Sunday, May 5, 2019

A Gift That Keeps Growing


A Gift That Keeps Growing

WRITING FOR SUCCESS
By Gary Gilson

One of the greatest gifts I ever got — The New Yorker Magazine — came from my great-uncle Ollie.

I was only 12, and The New Yorker hooked me. I have been reading it ever since. Here’s the unique thing: Uncle Ollie did not buy me a subscription; no, he would read his own copy, then wrap it up and mail it to me every week from his home in New York to my home in Connecticut.

That’s love.

Among my most vivid memories of his home: the walls leading to the attic were papered with covers of The New Yorker. 

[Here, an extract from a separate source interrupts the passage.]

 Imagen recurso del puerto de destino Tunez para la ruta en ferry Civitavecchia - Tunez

Reading The New Yorker gave me a love for language, long before I came to appreciate the magazine’s rigorous fact-checking and lofty standards for clarity.

In coaching writers I offer this encouragement: “Make what you write . . . say what you mean.”

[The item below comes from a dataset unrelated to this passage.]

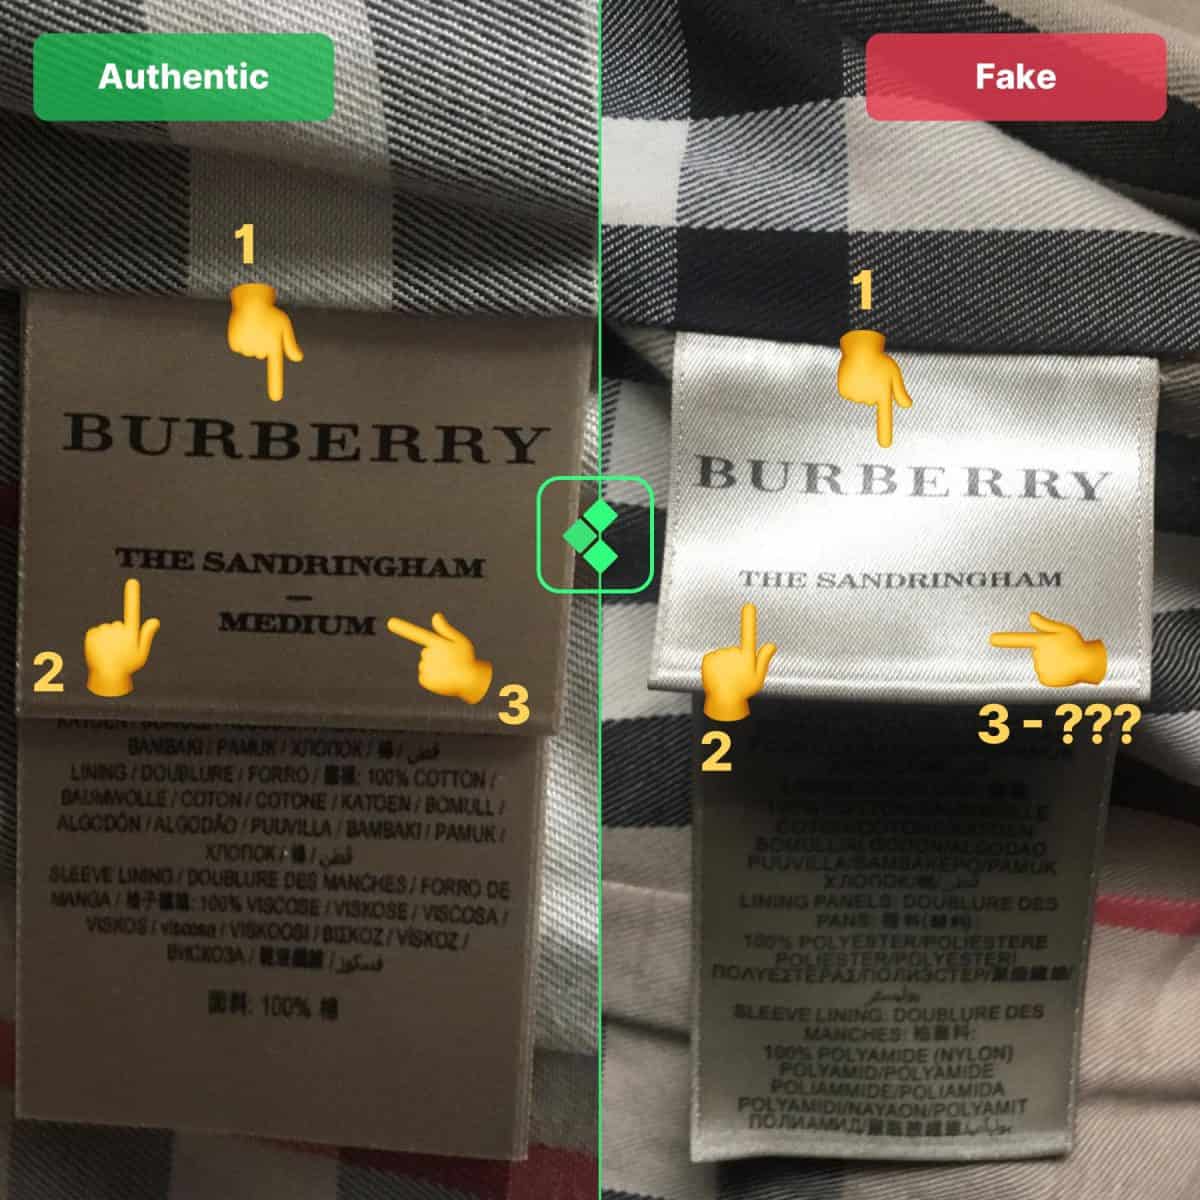 fake vs real burberry coats

To achieve that goal requires precision — the basis for concise, clear and compelling writing. That’s technique; not worth much if what you’re writing about lacks substance.

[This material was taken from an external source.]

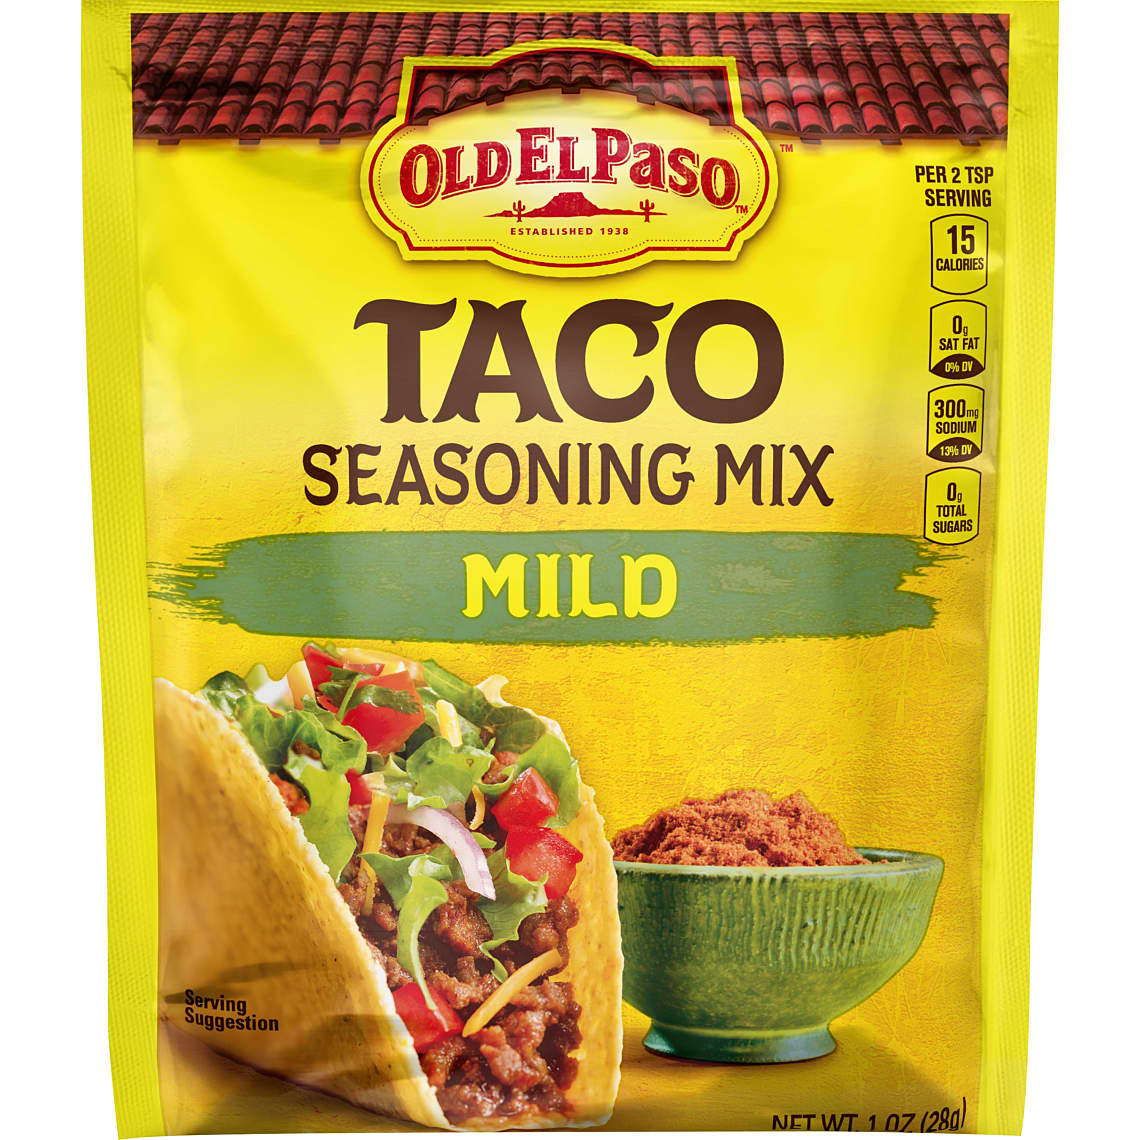 Old El Paso Taco Seasoning Mix Mild 1 oz Packet

One of my most painful memories: a series on juvenile delinquency that I wrote as a rookie reporter for The Minneapolis Star. Re-reading it now, I do not hesitate to describe it as unreadable and interminable. It’s filled with self-serving and mind-numbing bureaucratic jargon of state corrections officials; not a single juvenile delinquent appears in the series, and, as a result, nothing human that a reader can connect with.

With experience and practice I got better. All of us can; we just have to keep trying.

At colleges where I have taught journalism, among them Yale, Columbia, the University of Minnesota and, for the past 22 years, Colorado College, I always open with a presentation on clear writing. I urge students not to write “writing,” but to write the way they talk. After all, they have no trouble talking about the highlight of their day to a college roommate, so why not write the way you talk?

It’s a great way to start.

In this series of columns I will use anecdotes to illustrate principles of clear writing. Next time I’ll cover a key principle by telling a story from Death Row at the South Carolina State Prison. Stay tuned.

For now, here’s a tip sheet on how to improve your writing:

1. Think about what you want to write.
2. Gather data.
3. Think about who will read what you write.
4. Create an OUTLINE of priorities. It will prove invaluable and will 
    relieve stress.
5. Start writing. DO NOT EDIT as you write. Just pour it out.
6. Read aloud what you have written. If it doesn’t sound natural, 
    change it.
7. Now edit and rewrite.
8. Read aloud AGAIN. If possible, read it to another person, and 
    have another person read it to you. If necessary, REWRITE.
9. SEND IT.

Meanwhile, I want you know what a thrill it is for me to be writing again for the newspaper where my career began.